Besides being a memoir by Karen Blixen (or the literary double Isak Dinesen) Out-of-Africa is a hypothesis about the origin of the modern human (Homo Sapiens). Of course there is a competing scientific hypothesis called Multiregional Origin of Modern Humans. Besides that there is of course religious beliefs.

The Out-of-Africa hypothesis suggests that modern humans emerged in Africa 150,000 years ago or so. A small group migrated to Eurasia about 60,000 years ago. Some made it across the Bering Strait to America maybe 40,000 years ago or maybe 15,000 years ago. The Vikings said hello to the Native Americans 1,000 years ago, but cross Atlantic movement first gained pace from 500 years ago, when Columbus discovered America again again.

½ year ago (or so) I wrote a blog post called Create Table Homo_Sapiens. The comment follow up added to the nerdish angle with discussing subjects as mutating tables versus intelligent design and MAX(GEEK) counting.

But on the serious side comments also touched the intended subject about making data models reflect real world individuals.

Tables with persons are the most common entity type in databases around. As in the Out-of-Africa hypothesis it could have been as a simple global common same structural origin. But that is not the way of the world. Some of the basic differences practiced in modeling the person entity are:

Cultural diversity: Names, addresses, national ID’s and other basic attributes are formatted differently country by country and in some degree within countries. Most data models with a person entity are build on the format(s) of the country where it is designed.
Intended purpose of use: Person master data are often stored in tables made for specific purposes like a customer table, a subscriber table a contact table and so on.
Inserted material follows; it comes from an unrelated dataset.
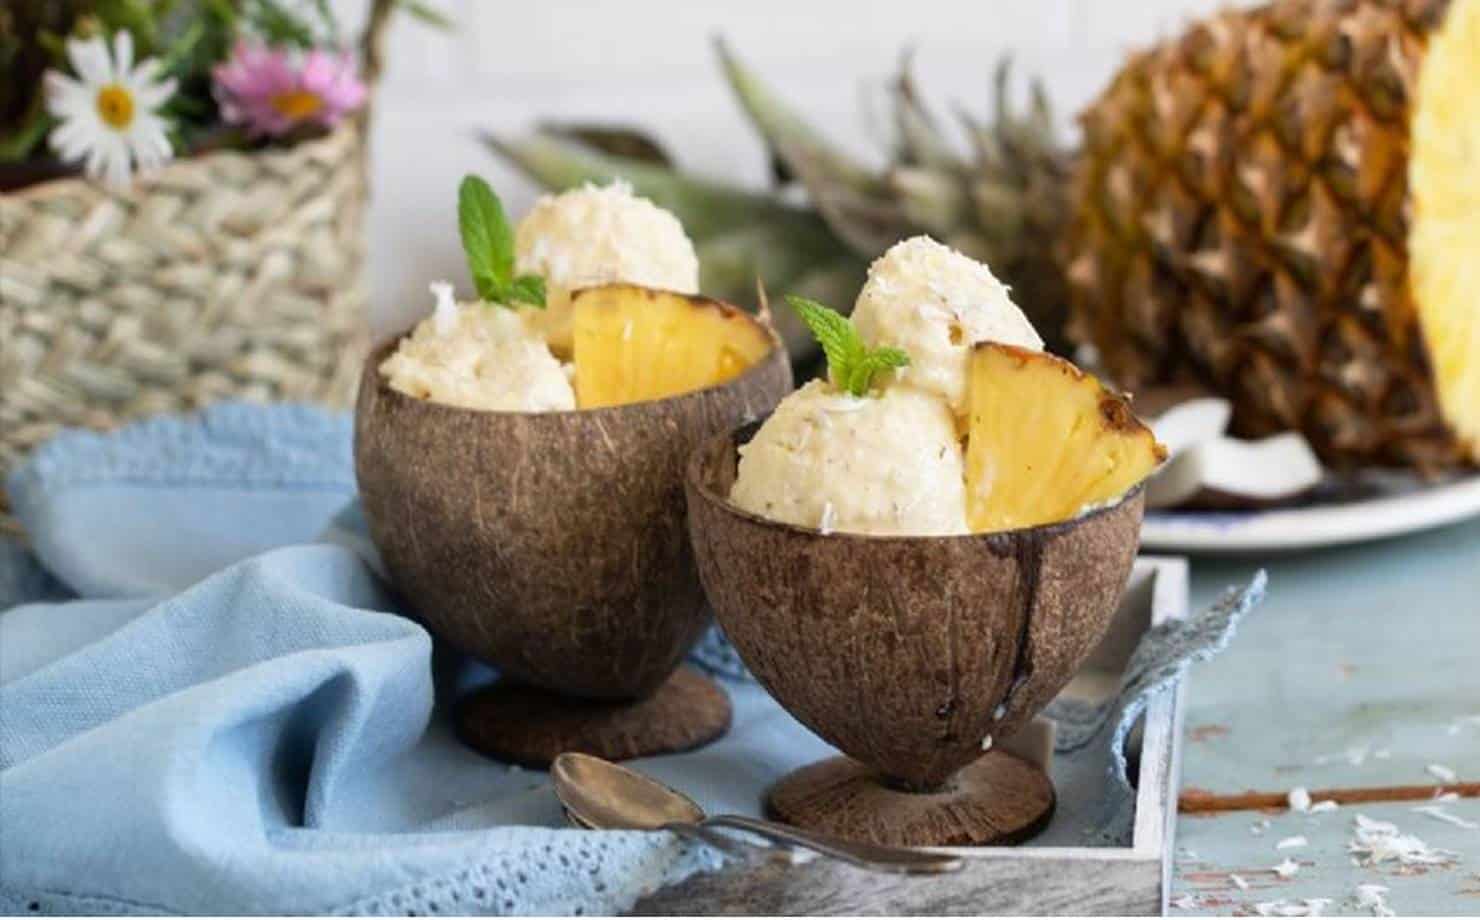 Sorvete de abacaxi em taças feitas com casca de coco

Therefore the data identifying the individual is directly linked with attributes describing a specific role of that individual.
“Impersonal” use: Person data is often stored in the same table as other party master types as business entities, projects, households et cetera.

Many, many data quality struggles around the world is caused by how we have modeled real world – old world and new world – individuals.

Create Table Homo_Sapiens

23rd January 201027th March 2012Henrik Gabs Liliendahl19 Comments

Create Table is a basic statement in the SQL language which is the most widespread computer language used when structuring data in databases.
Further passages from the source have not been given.